### REQUIRED ACTION
The whole listing, except its pictures, is to be repeated exactly.

### DATA PROVIDED
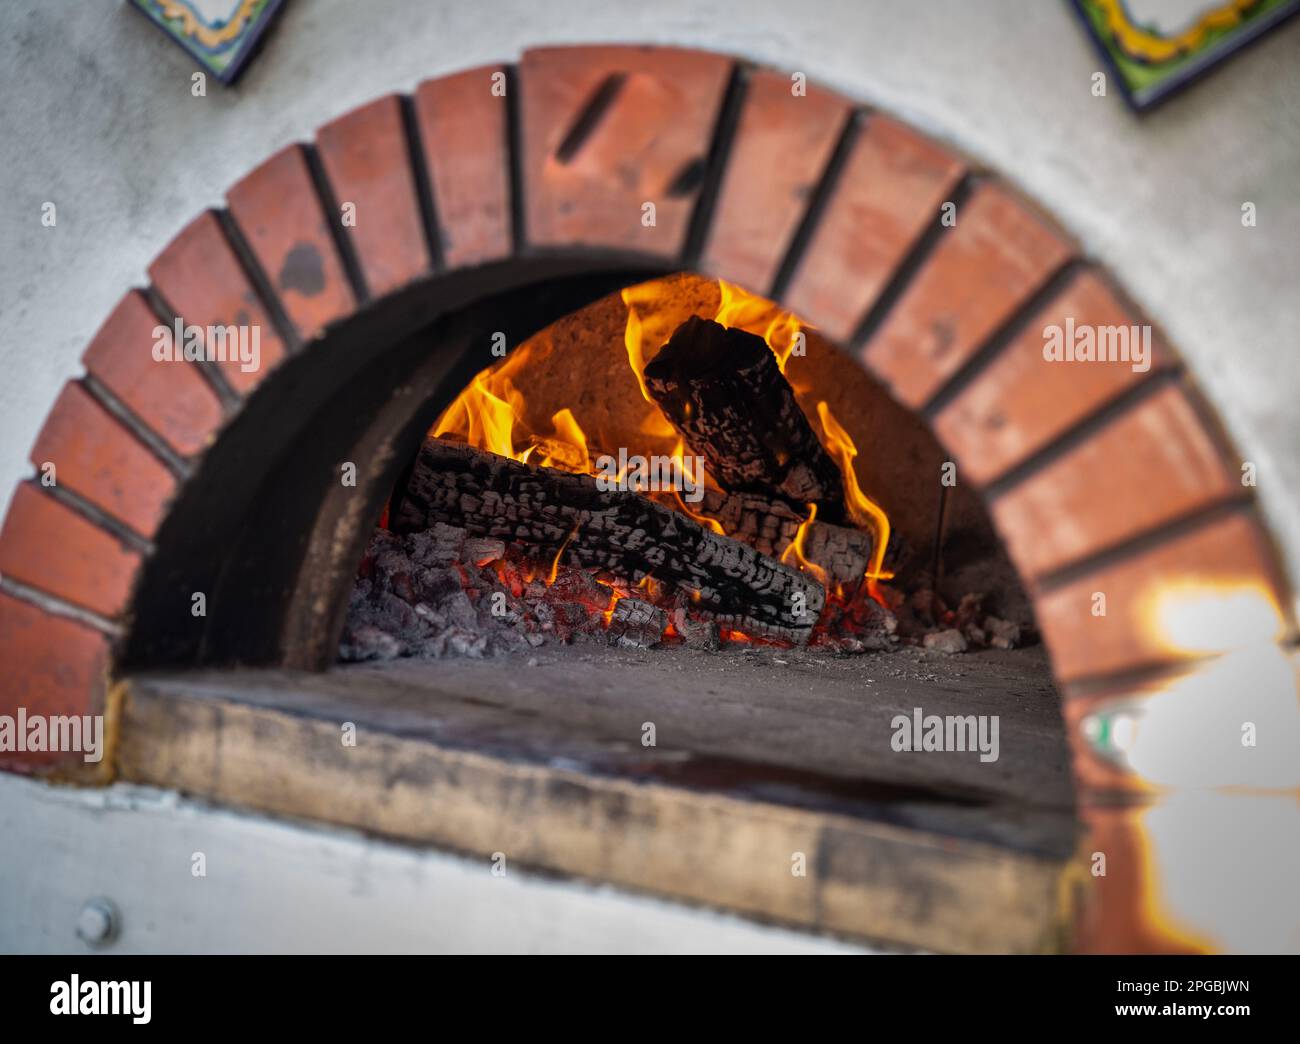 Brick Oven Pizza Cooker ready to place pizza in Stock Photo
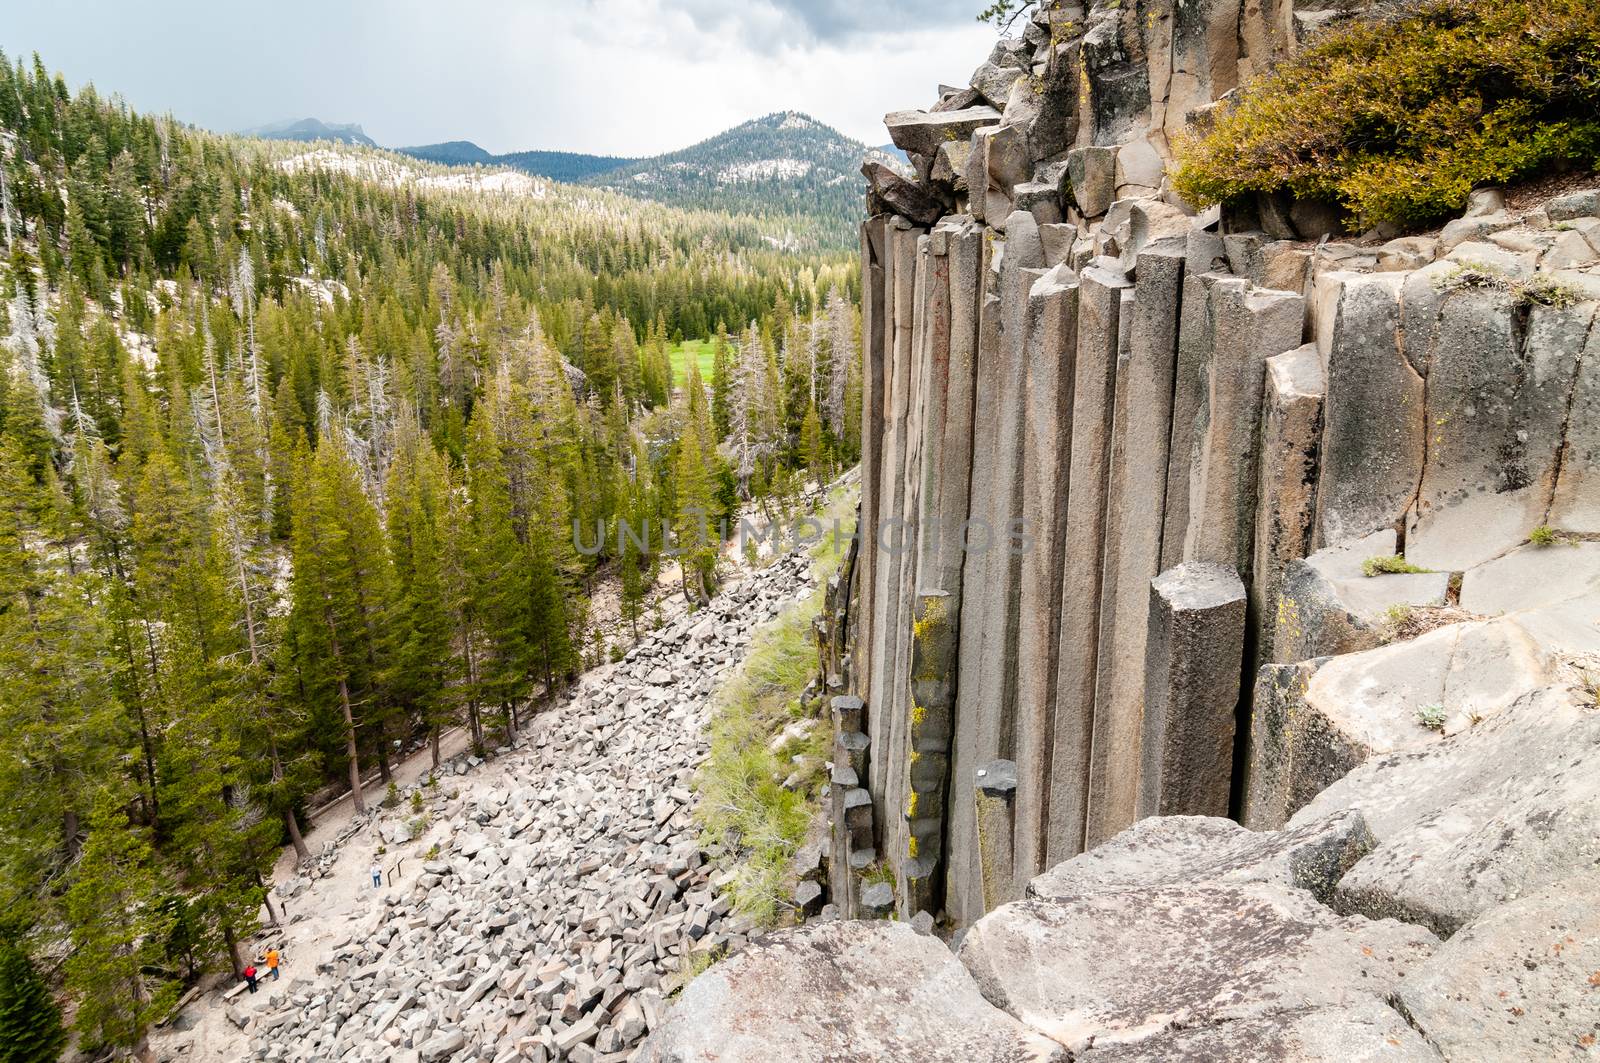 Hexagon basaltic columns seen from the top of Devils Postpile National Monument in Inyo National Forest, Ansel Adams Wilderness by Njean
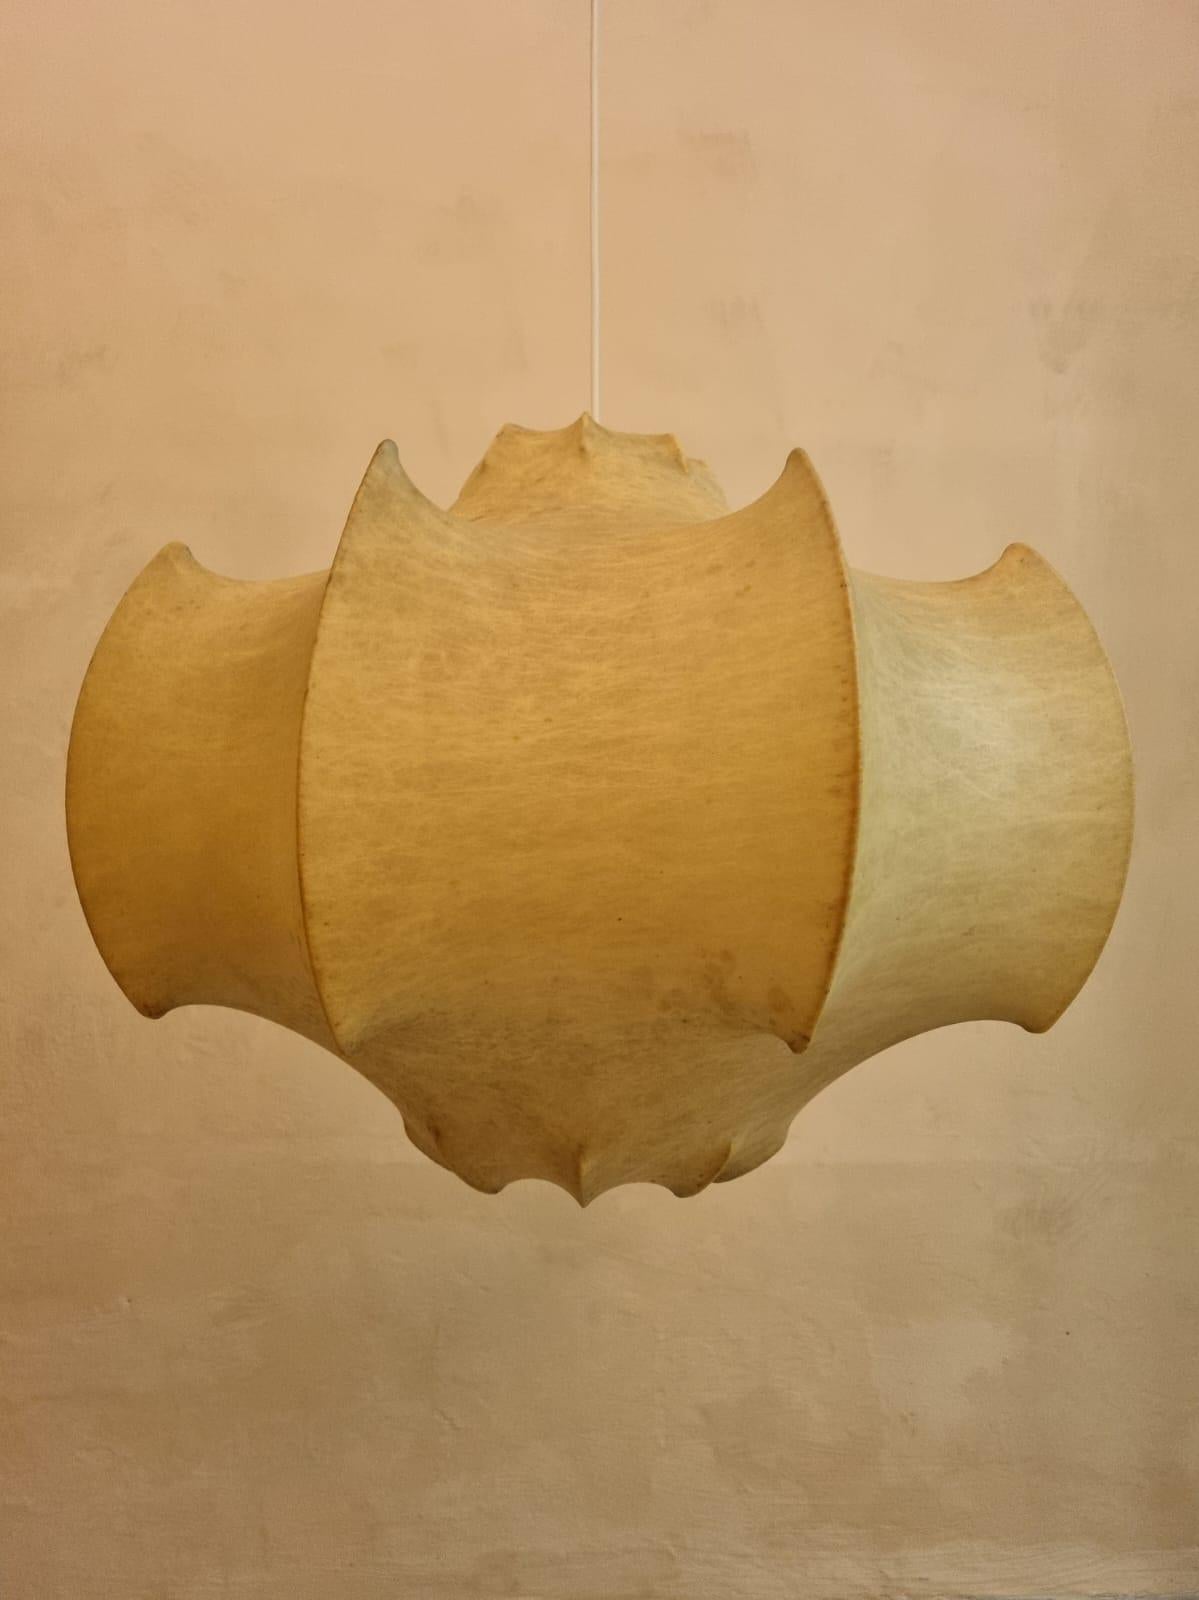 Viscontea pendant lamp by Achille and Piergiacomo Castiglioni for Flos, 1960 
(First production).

### EXERCISE SOLUTION
 Brick Oven Pizza Cooker ready to place pizza in Stock Photo
 Hexagon basaltic columns seen from the top of Devils Postpile National Monument in Inyo National Forest, Ansel Adams Wilderness by Njean
 Viscontea pendant lamp by Achille and Piergiacomo Castiglioni for Flos, 1960 
(First production).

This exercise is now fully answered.